We also analyze the code given, and we determine whether the modification made the code faster. 

In [5]:
import time

def reachable_nodes_time(G, start):
    t_initial = time.perf_counter_ns()
    seen = set() #initially, the set is empty
    stack = [start] #initially, the stack has one element, start
    while stack:
        node = stack.pop() #remove one node from the stack
        if node not in seen: #if node is not on seen, 
            seen.add(node)  #(1) add nodes to seen
            stack.extend(G.neighbors(node))#(2) add neighbors to the stack
    t_final = time.perf_counter_ns()
    return seen, (t_final-t_initial)/(1*10**(9)) #when the stack is empty, return seen

def reachable_nodes_modified_time(G, start):
    t_initial = time.perf_counter_ns()
    seen = set()
    stack = [start]
    while stack:
        node = stack.pop()
        if node not in seen:
            seen.add(node)
            old_neighbors = set(G.neighbors(node))
            new_neighbors = old_neighbors.difference(seen)
            stack.extend(new_neighbors)
    t_final = time.perf_counter_ns()
    return seen, (t_final-t_initial)/(1*10**(9))
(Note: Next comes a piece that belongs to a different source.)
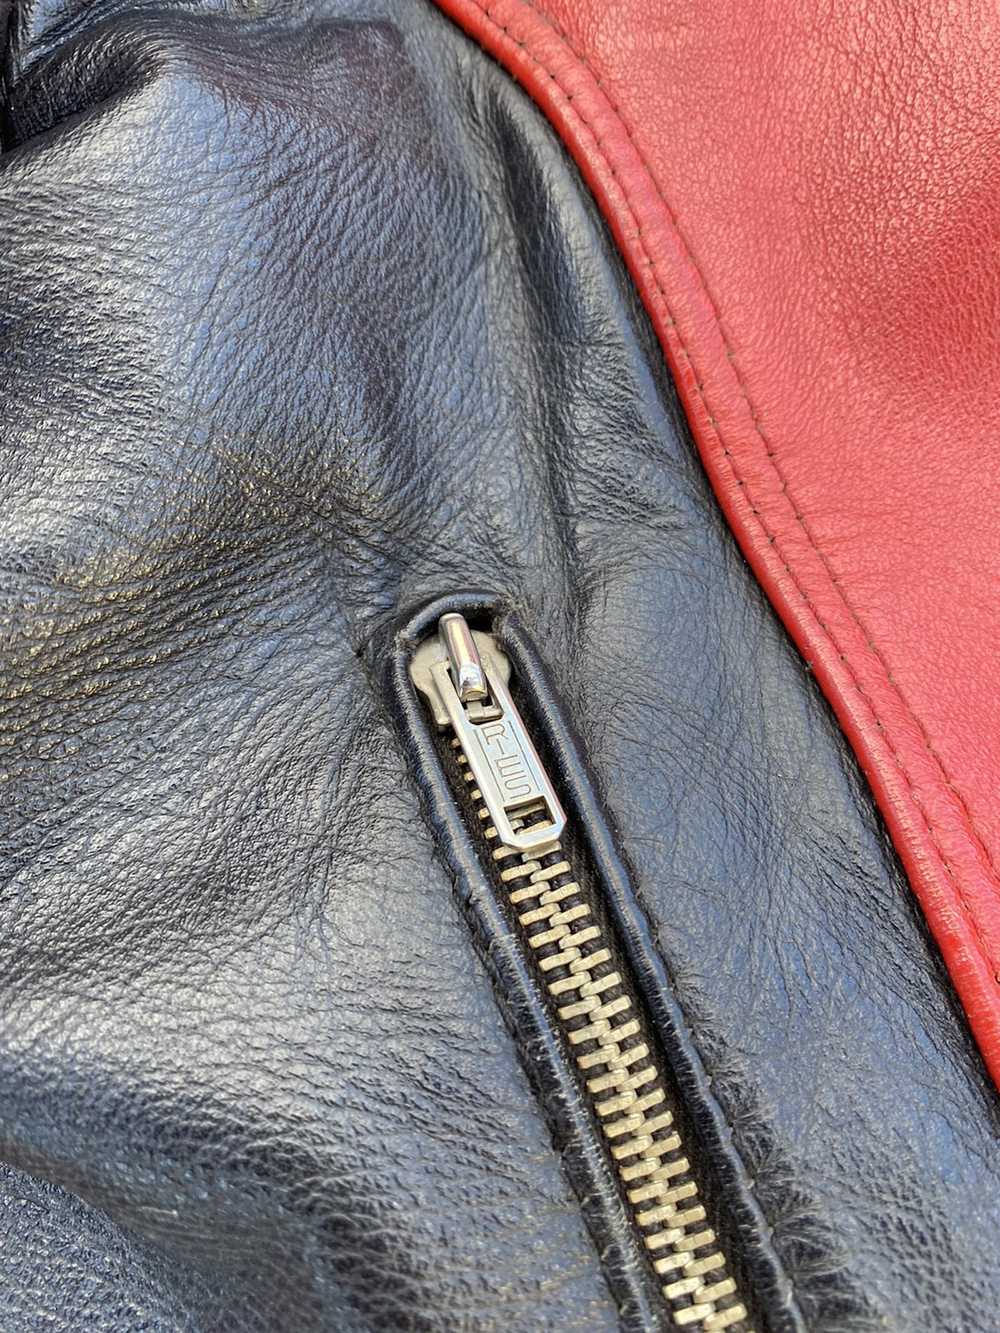 Dainese × Leather Jacket Dainese Vintage leather … - image 3

print("The time it takes for reachable_nodes_time(some_graph, 5) to run is", reachable_nodes_time(some_graph, 5)[1], "seconds")
print("The time it takes for reachable_nodes_modified_time(some_graph, 5) to run is", reachable_nodes_modified_time(some_graph, 5)[1], "seconds")

The time it takes for reachable_nodes_time(some_graph, 5) to run is 0.0010476 seconds
The time it takes for reachable_nodes_modified_time(some_graph, 5) to run is 0.0009677 seconds


In the above cell, we modified the functions we had earlier by adding time functions before and after the execution of the code. To do so, we used the function ``time.perf_counter_ns()`` to obtain a precise measure of the total time in ns. Then, we obtained the difference between the start and end times of the code, and then converted it to seconds. 

From our analysis, it appears that the modified function, ``reachable_nodes_modified``, is faster than the original code ``reachable_nodes``.